When the root node value is $\le$ key, we call split (t->r, key, t->r, r), which means: “split treap t->r (right subtree of t) by value key and store the left subtree in t->r and right subtree in r“. After that, we set l = t. Note now that the l result value contains t->l, t as well as t->r (which is the result of the recursive call we made) all already merged in the correct order! You should pause to ensure that this result of l and r corresponds exactly with what we discussed earlier in Implementation Description.
When the root node value is greater than key, we call split (t->l, key, l, t->l), which means: “split treap t->l (left subtree of t) by value key and store the left subtree in l and right subtree in t->l“. After that, we set r = t. Note now that the r result value contains t->l (which is the result of the recursive call we made), t as well as t->r, all already merged in the correct order! You should pause to ensure that this result of l and r corresponds exactly with what we discussed earlier in Implementation Description.

If you’re still having trouble understanding the implementation, you should look at it inductively, that is: do not try to break down the recursive calls over and over again. Assume the split implementation works correct on empty treap, then try to run it for a single node treap, then a two node treap, and so on, each time reusing your knowledge that split on smaller treaps works.

void insert (pitem & t, pitem it) {
    if (!t)
        t = it;
    else if (it->prior > t->prior)
        split (t, it->key, it->l, it->r),  t = it;
    else
        insert (t->key <= it->key ? t->r : t->l, it);
}

void merge (pitem & t, pitem l, pitem r) {
    if (!l || !r)
        t = l ? l : r;
    else if (l->prior > r->prior)
        merge (l->r, l->r, r),  t = l;
    else
        merge (r->l, l, r->l),  t = r;
}

void erase (pitem & t, int key) {
    if (t->key == key) {
        pitem th = t;
        merge (t, t->l, t->r);
        delete th;
    }
    else
        erase (key < t->key ? t->l : t->r, key);
}

pitem unite (pitem l, pitem r) {
    if (!l || !r)  return l ? l : r;
    if (l->prior < r->prior)  swap (l, r);
    pitem lt, rt;
    split (r, l->key, lt, rt);
    l->l = unite (l->l, lt);
    l->r = unite (l->r, rt);
    return l;
}

5. Maintaining the sizes of subtrees

To extend the functionality of the treap, it is often necessary to store the number of nodes in subtree of each node – field int cnt in the item structure. For example, it can be used to find K-th largest element of tree in $O (\log N)$, or to find the index of the element in the sorted list with the same complexity. The implementation of these operations will be the same as for the regular binary search tree.

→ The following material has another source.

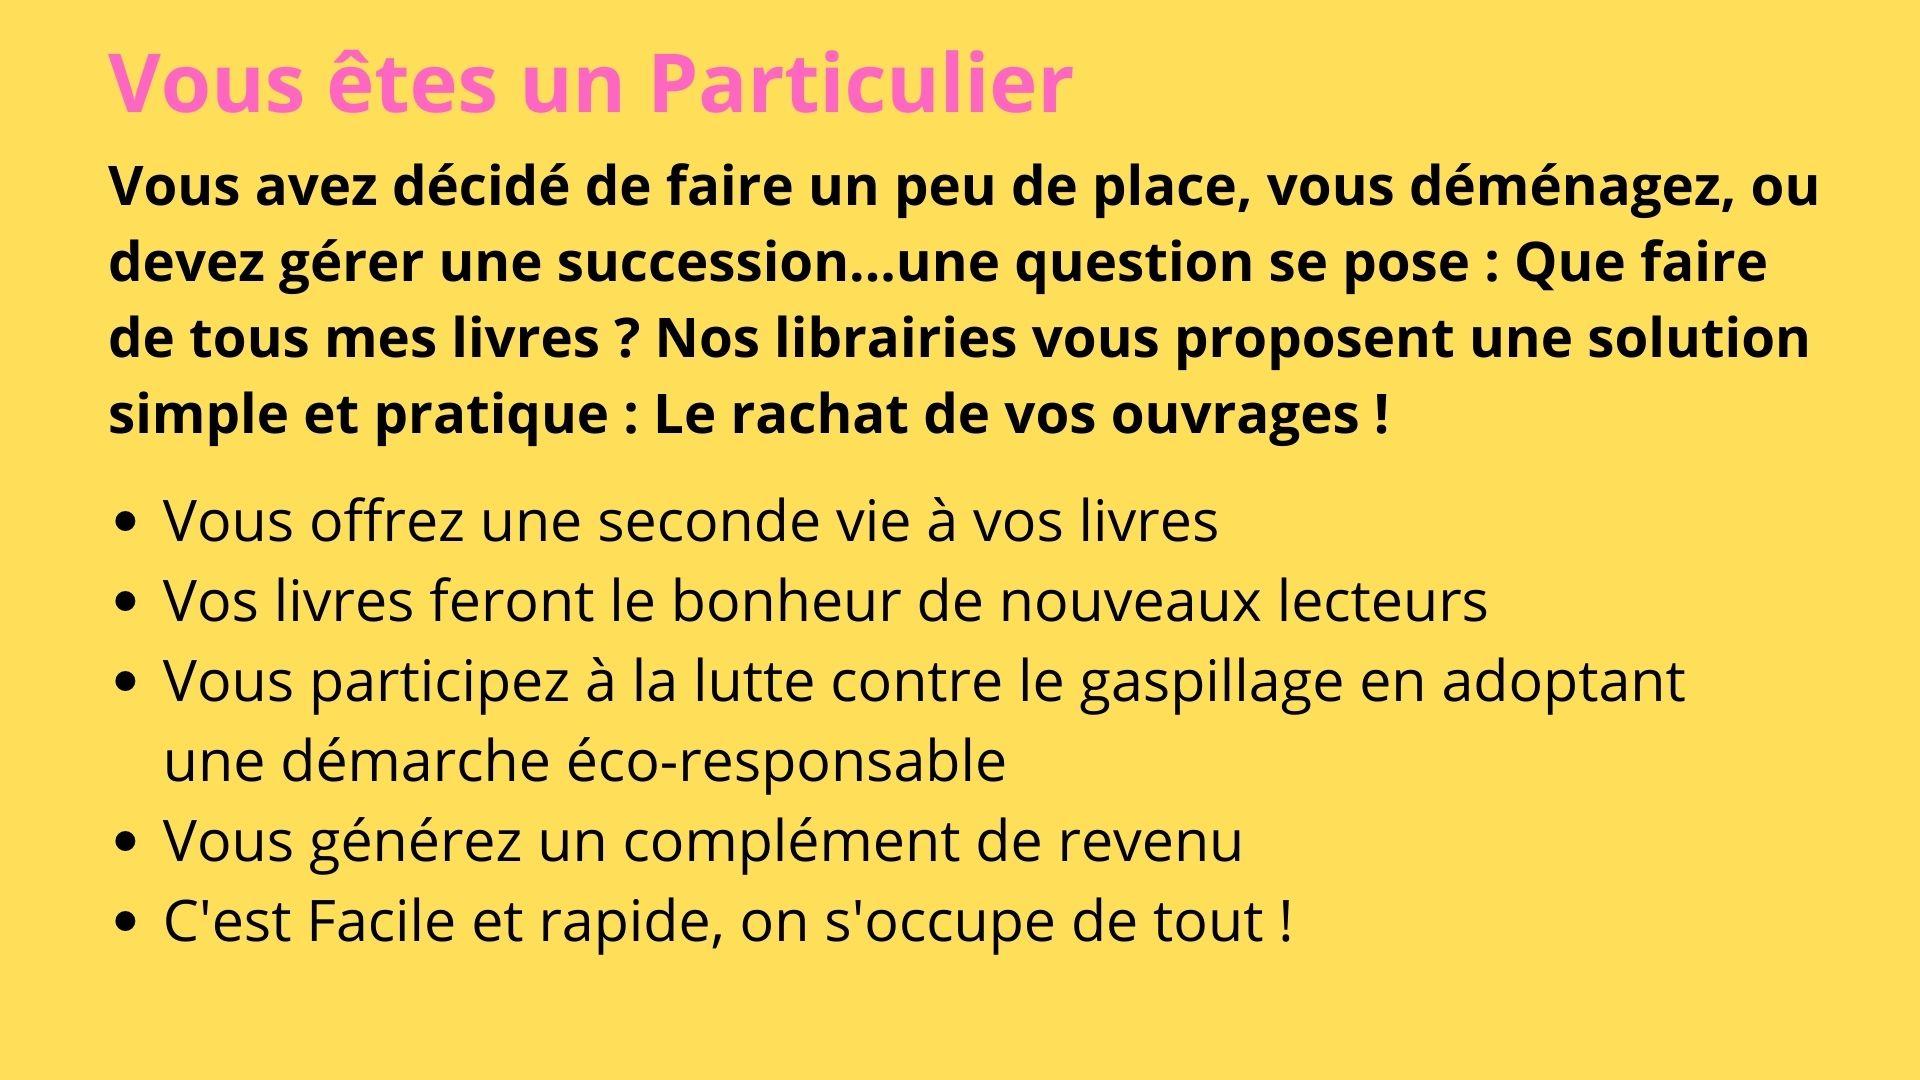 Vendez nous vos livres

When a tree changes (nodes are added or removed etc.), cnt of some nodes should be updated accordingly. We’ll create two functions: cnt() will return the current value of cnt or 0 if the node does not exist, and upd_cnt() will update the value of cnt for this node assuming that for its children L and R the values of cnt have already been updated. Evidently it’s sufficient to add calls of upd_cnt() to the end of insert, erase, split and merge to keep cnt values up-to-date.

int cnt (pitem t) {
    return t ? t->cnt : 0;
}

void upd_cnt (pitem t) {
    if (t)
        t->cnt = 1 + cnt(t->l) + cnt (t->r);
}

6. Building a Treap in $O (N)$ in offline mode

Given a sorted list of keys, it is possible to construct a treap faster than by inserting the keys one at a time which takes $O(N \log N)$. Since the keys are sorted, a balanced binary search tree can be easily constructed in linear time. The heap values $Y$ are initialized randomly and then can be heapified independent of the keys $X$ to build the heap in $O(N)$.

void heapify (pitem t) {
    if (!t) return;
    pitem max = t;
    if (t->l != NULL && t->l->prior > max->prior)
        max = t->l;
    if (t->r != NULL && t->r->prior > max->prior)
        max = t->r;
    if (max != t) {
        swap (t->prior, max->prior);
        heapify (max);
    }
}

pitem build (int * a, int n) {
    // Construct a treap on values {a[0], a[1], ..., a[n - 1]}
    if (n == 0) return NULL;
    int mid = n / 2;
    pitem t = new item (a[mid], rand ());
    t->l = build (a, mid);
    t->r = build (a + mid + 1, n - mid - 1);
    heapify (t);
    upd_cnt(t)
    return t;
}

Note: calling upd_cnt(t) is only necessary if you need the subtree sizes.

7. Implicit Treaps

Implicit treap is a simple modification of the regular treap which is a very powerful data structure. In fact, implicit treap can be considered as an array with the following procedures implemented (all in $O (\log N)$ in the online mode):

Inserting an element in the array in any location
Removal of an arbitrary element
Finding sum, minimum / maximum element etc. on an arbitrary interval
Addition, painting on an arbitrary interval
Reversing elements on an arbitrary interval

The idea is that the keys should be indices of the elements in the array. But we will not store these values explicitly (otherwise, for example, inserting an element would cause changes of the key in $O (N)$ nodes of the tree).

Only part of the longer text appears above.